SUPPLIED ENTRIES —
_ _ _ _

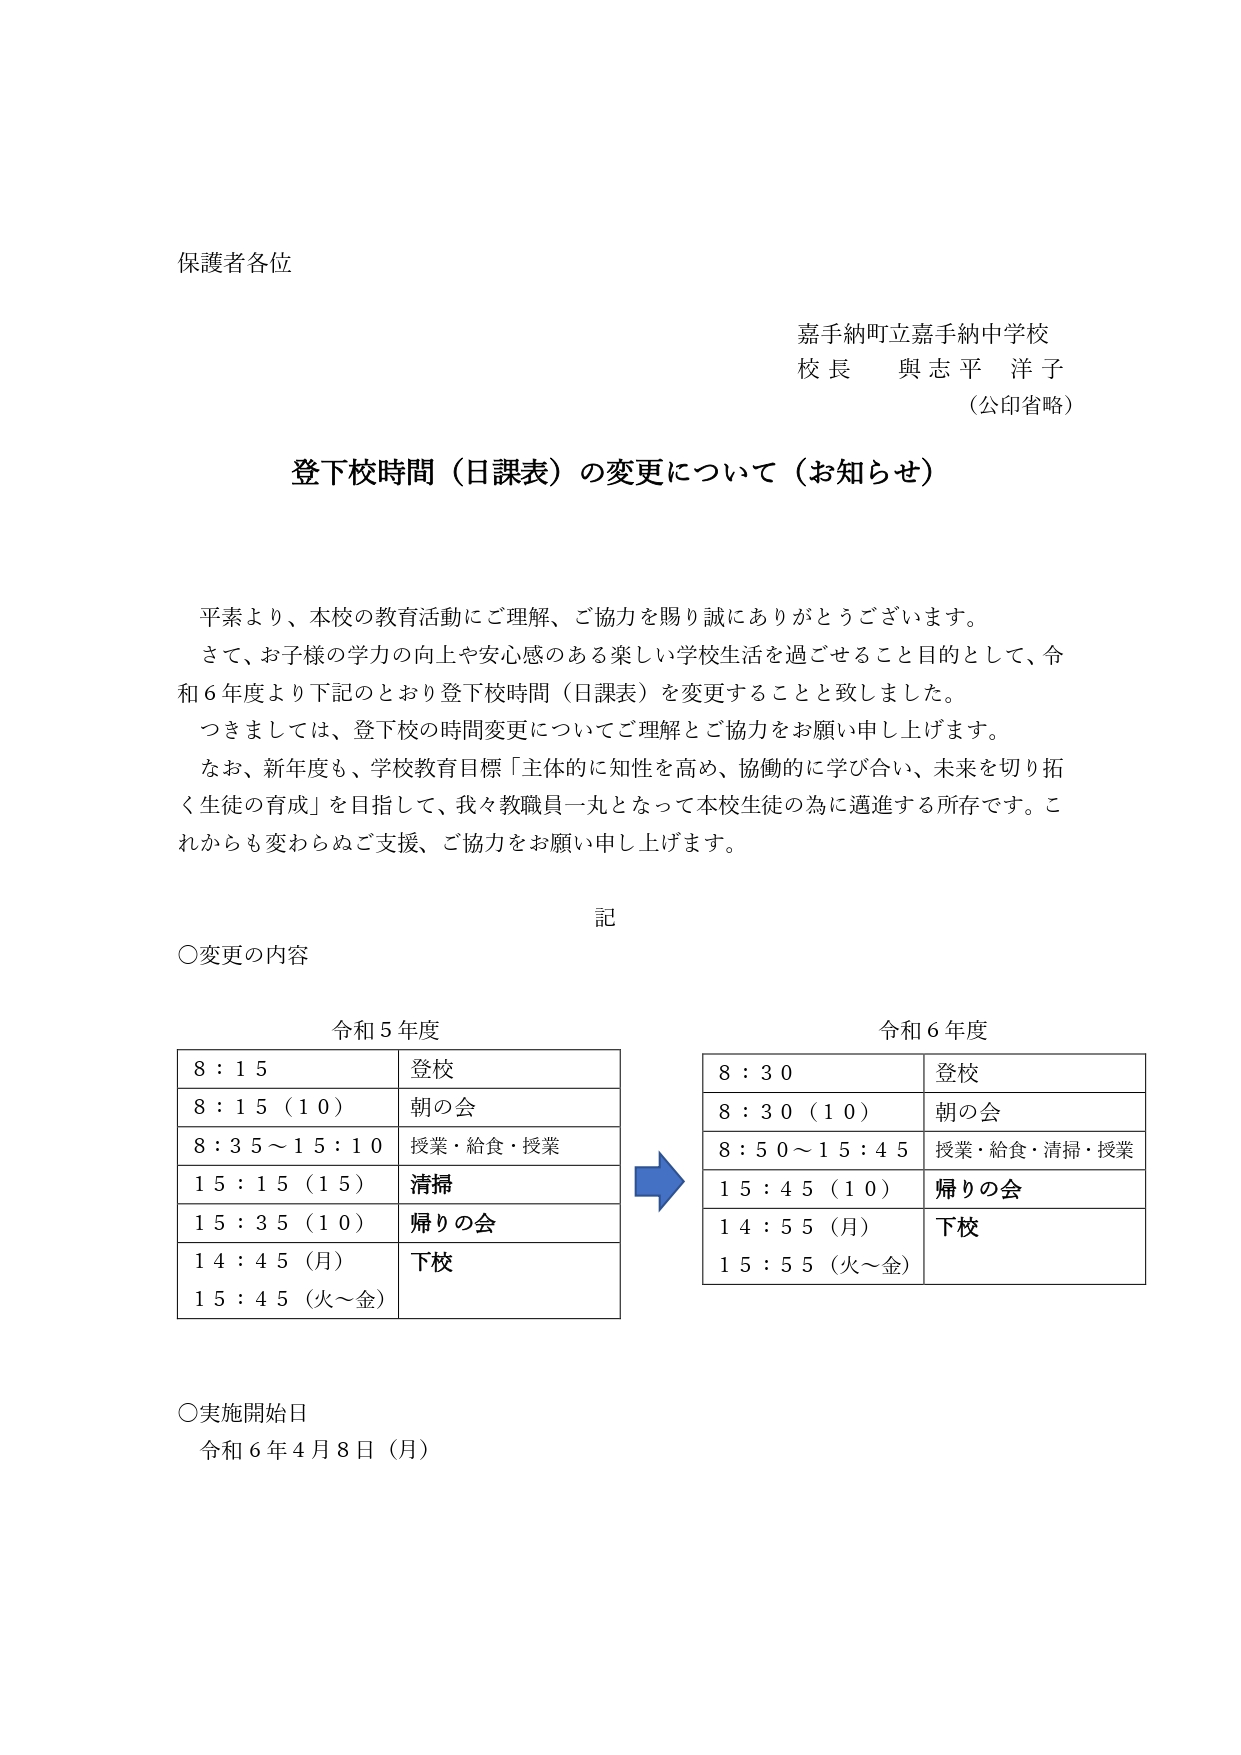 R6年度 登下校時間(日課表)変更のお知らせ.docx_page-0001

_ _ _ _

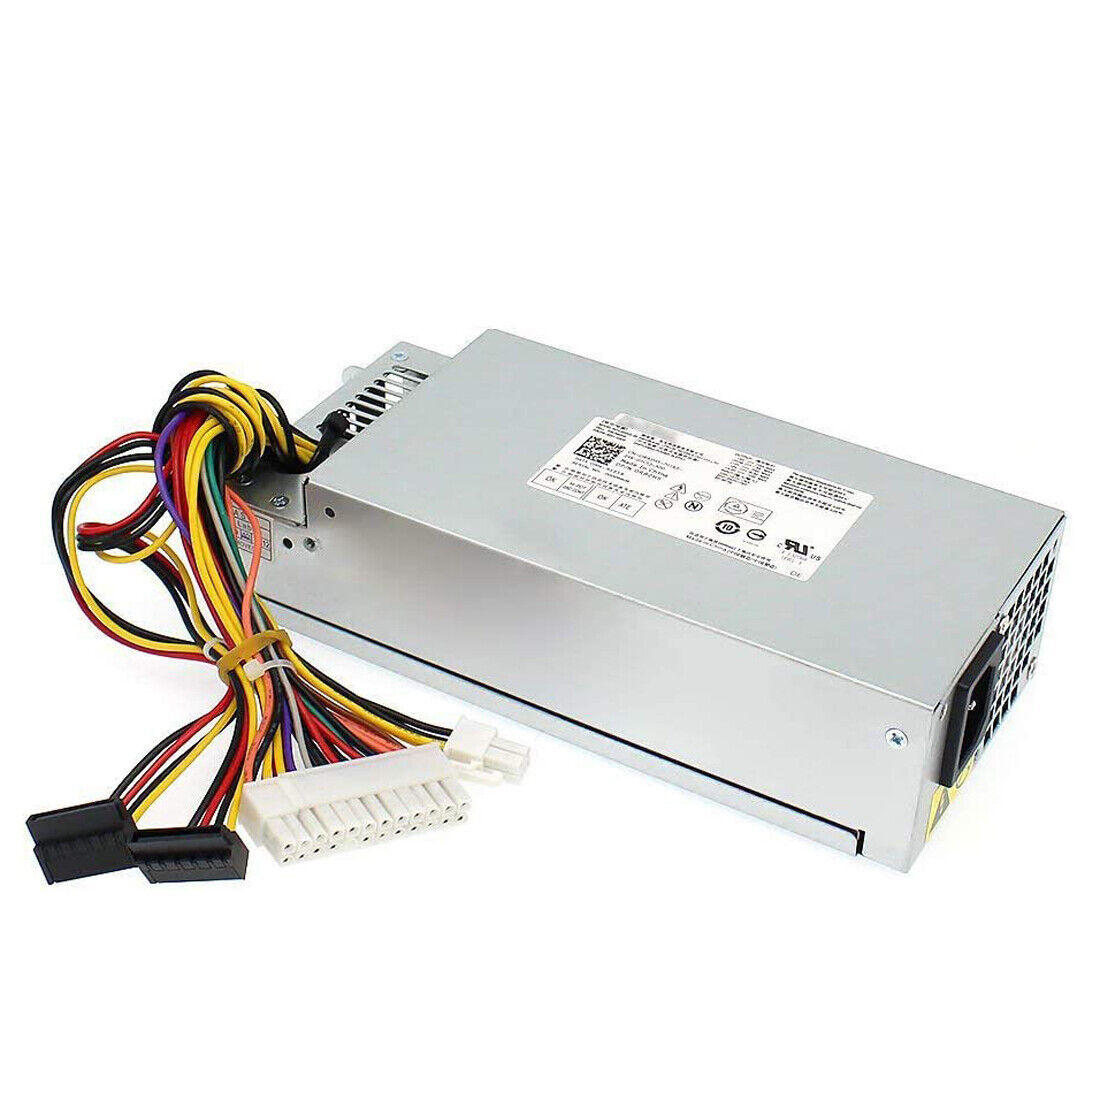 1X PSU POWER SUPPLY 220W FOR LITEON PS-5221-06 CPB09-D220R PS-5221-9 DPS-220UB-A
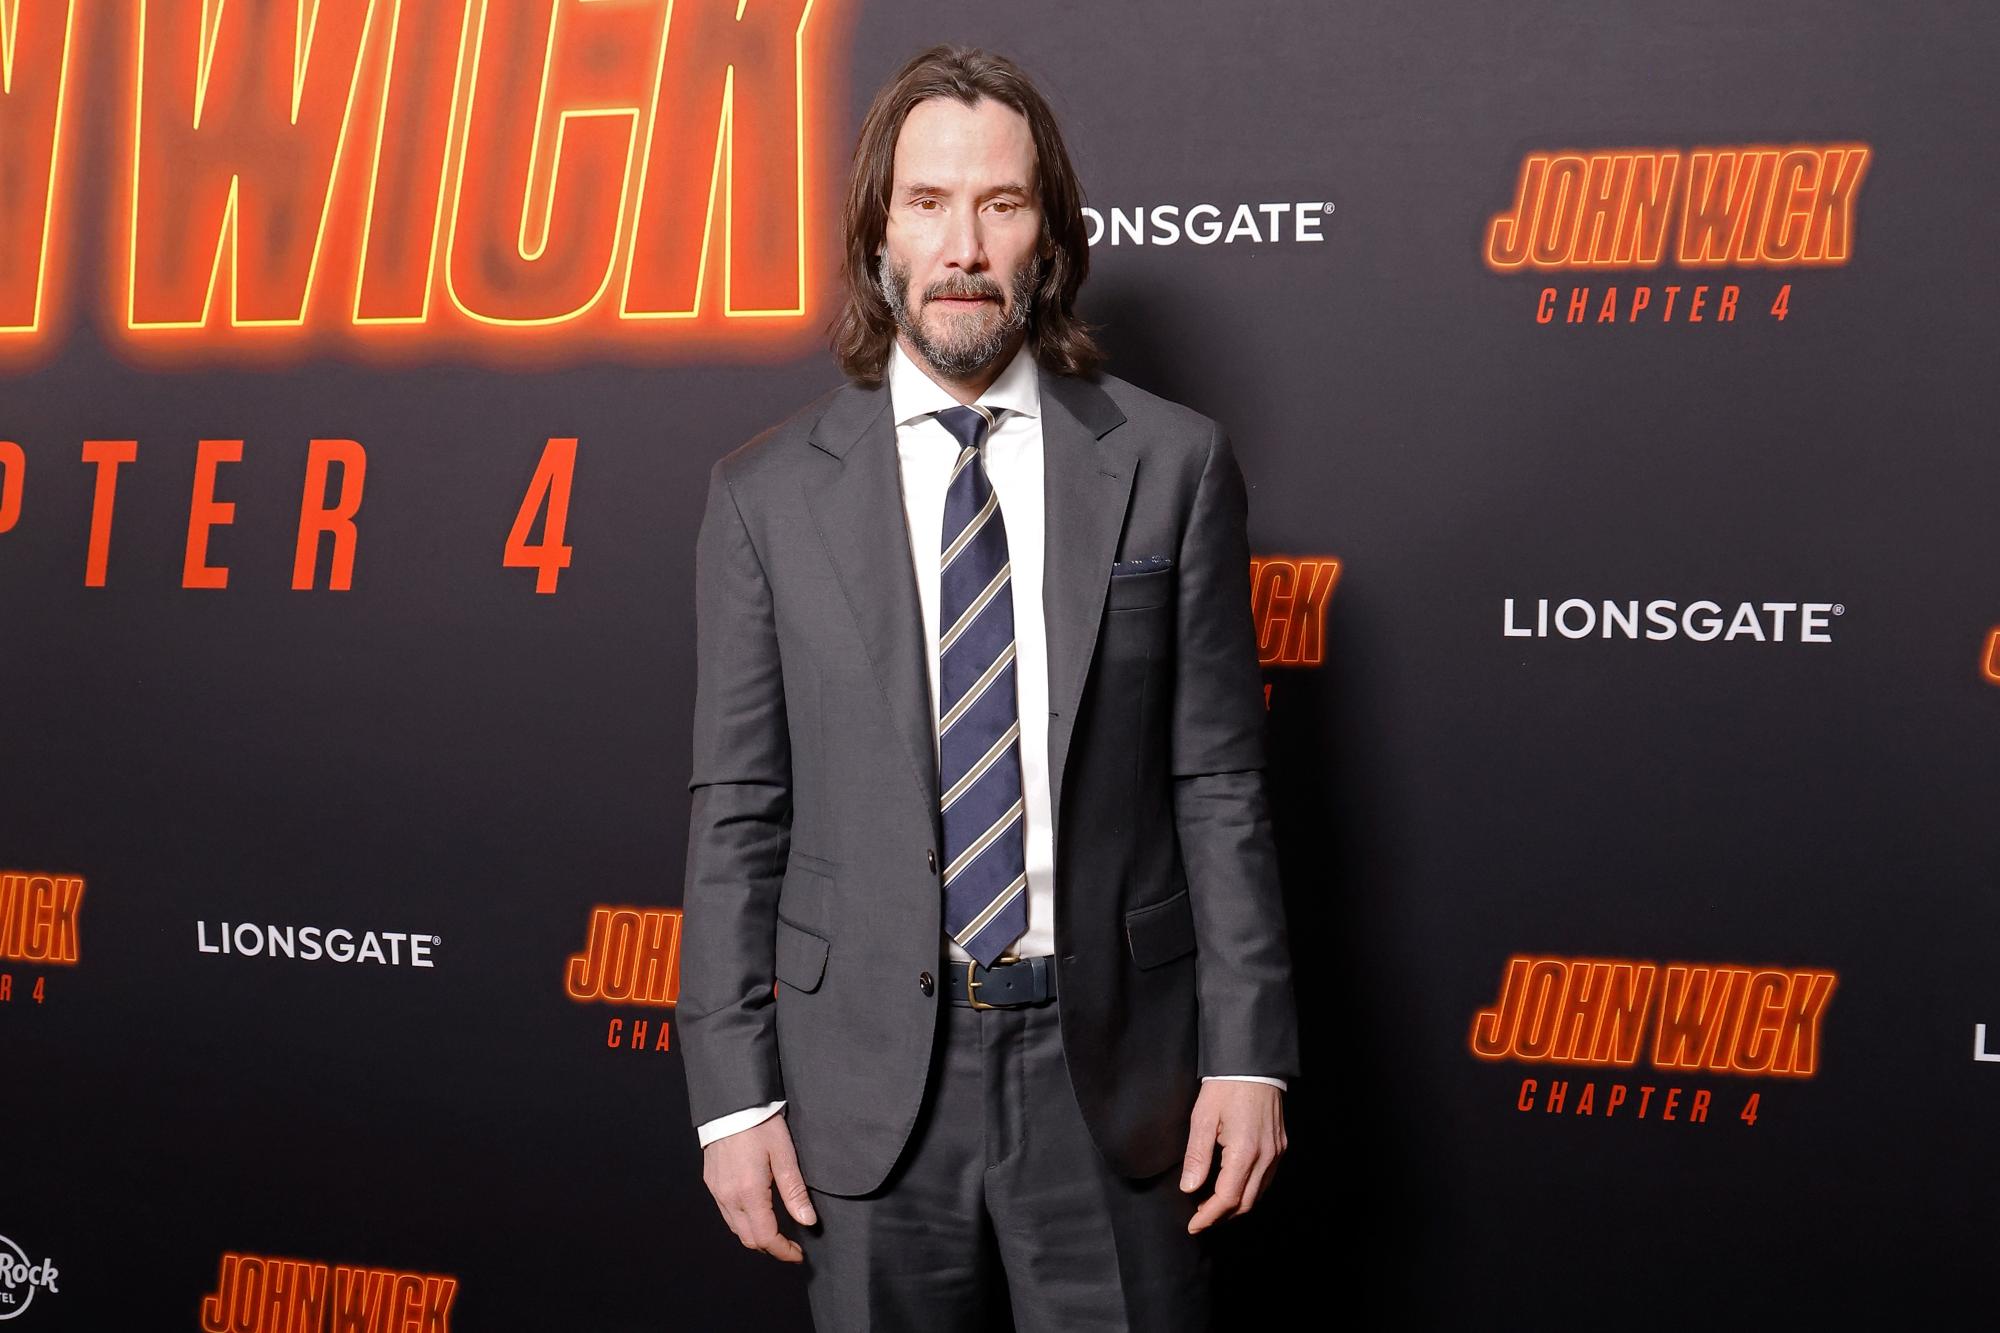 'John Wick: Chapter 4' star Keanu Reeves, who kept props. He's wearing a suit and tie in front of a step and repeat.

_ _ _ _

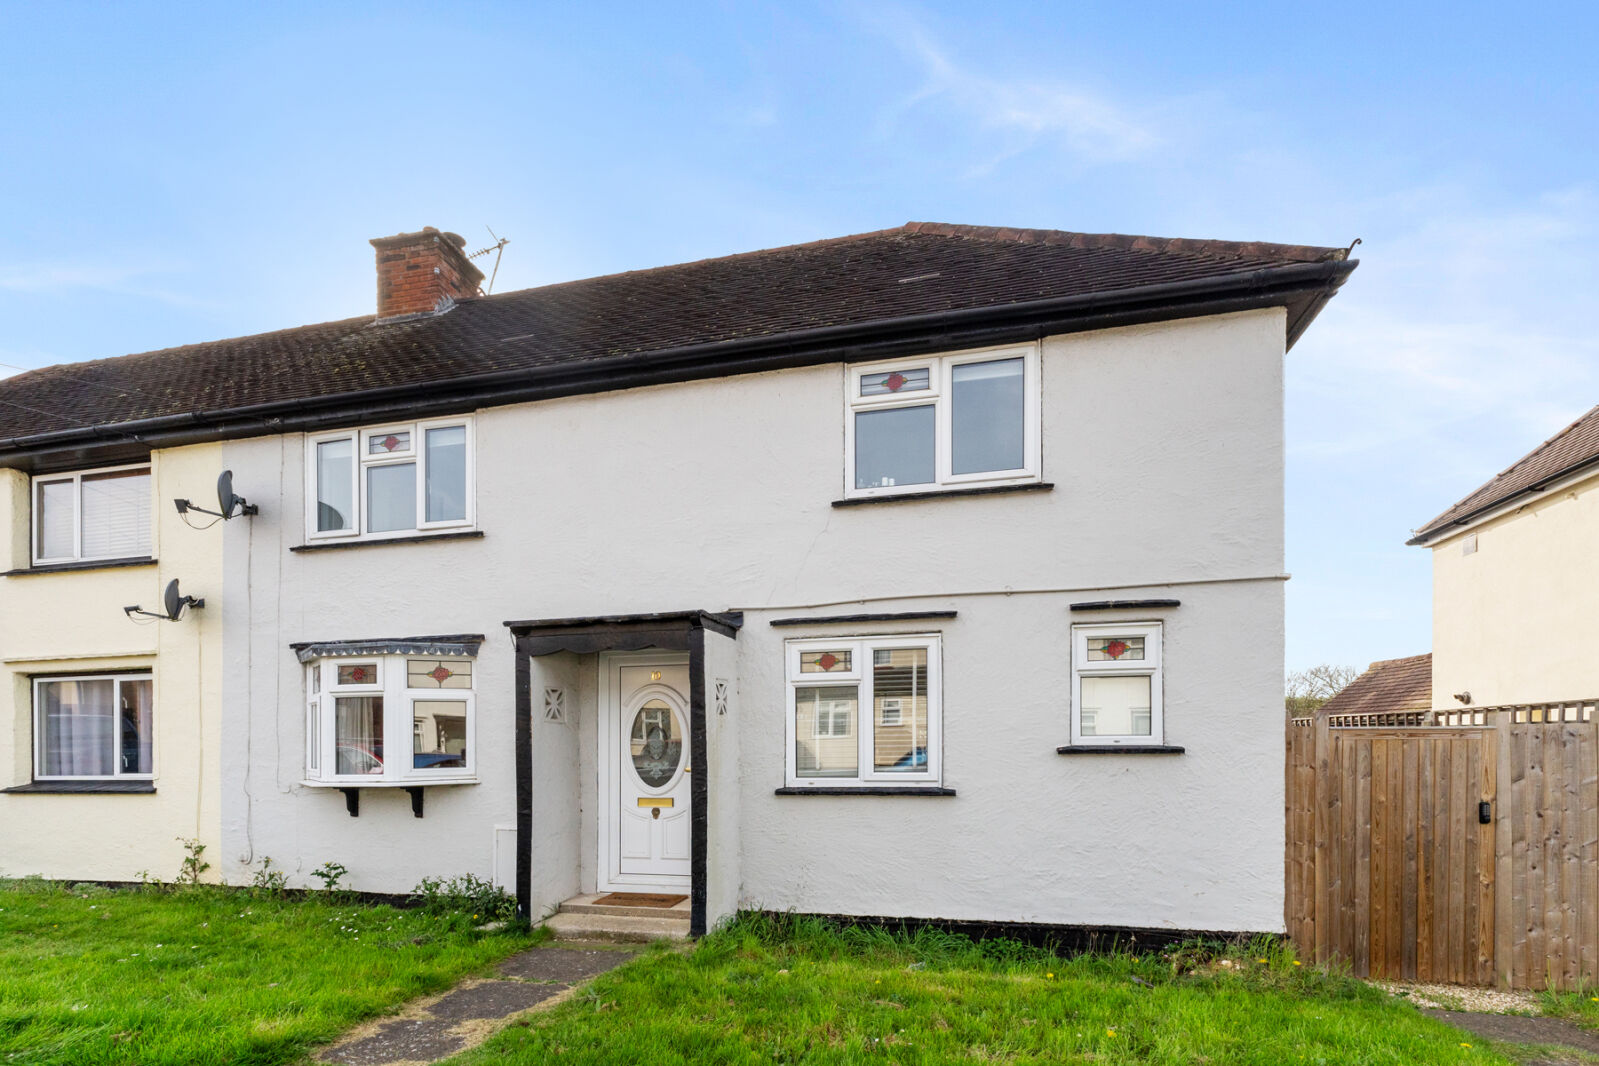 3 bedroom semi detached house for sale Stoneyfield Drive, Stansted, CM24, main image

_ _ _ _

YOUR INSTRUCTIONS — Reproduce the data above exactly, but only from the line containing "1X PSU POWER" through the line containing "step and repeat."; skip the pictures.

RESPONSE TO THIS EXERCISE —
 1X PSU POWER SUPPLY 220W FOR LITEON PS-5221-06 CPB09-D220R PS-5221-9 DPS-220UB-A
 'John Wick: Chapter 4' star Keanu Reeves, who kept props. He's wearing a suit and tie in front of a step and repeat.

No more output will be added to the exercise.